# Macaron mature procedure and storage issue



## macaron (Feb 14, 2013)

Hi all the macaron bakers out there !!! I need help !! 

i have a question about macaron storage and maturing and was wondering if anyone can help. 

my macarons:
I use French method 
I mostly use buttercream filling (egg white, butter and sugar) after filling them I put them in air tight glass container and into the fridge. I tried 24 hours, tried 48 hours, tried 3 days in the fridge to mature and then take them out for 2 hours/ 3 hours... to 10 hours before consuming, all these procedure still gave me a too soft of a macaron and no egg shell crunch when bitten into It does gets a little better if I take them out for 10 hours at room temperature but the buttercream seems to be melting and too warm.. at some point i feel the egg shell part is going stale 

is it the baking that gone wrong?

is it the storage process? everyone said to put them in air tight container would it be that the humitiy are trapped inside the container and makes the macaron too humid?
it just feels that my macaron are alittle sticky or there's a film around it that (not dry and fresh to the touch) they are nice out of the oven but once out of fridge or freezer it just feels sticky

should I leave the macaron unwrapped in the fridge to mature??

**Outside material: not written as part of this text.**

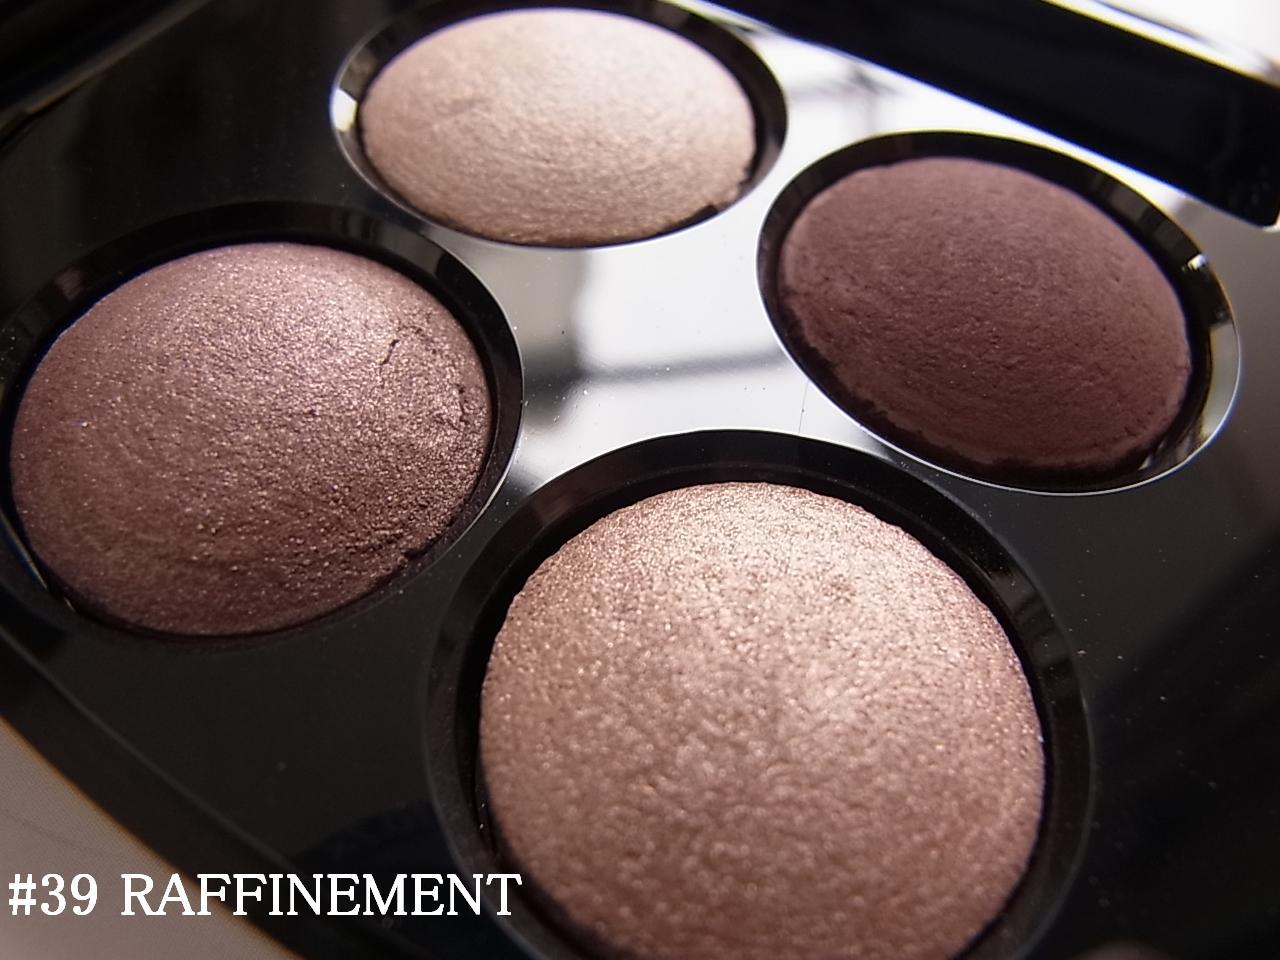 CHANEL】LES 4 OMBRES #39 RAFFINEMENT | atsuknさんのブログ - @cosme ...

how do you mature them properly or store them properly so i get the crunch at first bite then the soft interior then to the filling


----------



## macaron (Feb 14, 2013)

And oh ya. Any suggestion is greatly appreciated. Thanks all


----------



## flipflopgirl (Jun 27, 2012)

Hard to tell if it is your recipe and/or technique.

Maybe you could share?

Pastry starts to loose integrity from the moment you remove it from the oven and place on the cooling rack.

Most items will be just fine stored in a bakery box or loosely covered container (and most leftovers, but not all, are better frozen than refrigerated).

This bake and into the fridge right away will cause the sugars in any pastry to absorb moisture (and wilt) from the humid fridge environment.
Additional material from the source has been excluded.